> Material for this task
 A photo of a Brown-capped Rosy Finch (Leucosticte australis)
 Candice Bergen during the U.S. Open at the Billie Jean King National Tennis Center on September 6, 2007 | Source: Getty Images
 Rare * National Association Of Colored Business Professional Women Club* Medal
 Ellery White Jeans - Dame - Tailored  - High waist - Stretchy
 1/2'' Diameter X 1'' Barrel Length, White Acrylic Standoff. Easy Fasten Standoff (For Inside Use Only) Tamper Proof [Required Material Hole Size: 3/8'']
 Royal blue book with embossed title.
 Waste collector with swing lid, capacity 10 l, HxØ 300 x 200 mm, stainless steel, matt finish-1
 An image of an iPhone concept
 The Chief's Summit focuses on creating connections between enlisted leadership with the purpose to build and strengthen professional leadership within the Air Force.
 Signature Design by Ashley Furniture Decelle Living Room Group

> Your task
Print, from the entries above, the line with "Candice Bergen during", the line with "Royal blue book with embossed title." and all lines between them, exactly and with nothing else.

> Answer for the task
 Candice Bergen during the U.S. Open at the Billie Jean King National Tennis Center on September 6, 2007 | Source: Getty Images
 Rare * National Association Of Colored Business Professional Women Club* Medal
 Ellery White Jeans - Dame - Tailored  - High waist - Stretchy
 1/2'' Diameter X 1'' Barrel Length, White Acrylic Standoff. Easy Fasten Standoff (For Inside Use Only) Tamper Proof [Required Material Hole Size: 3/8'']
 Royal blue book with embossed title.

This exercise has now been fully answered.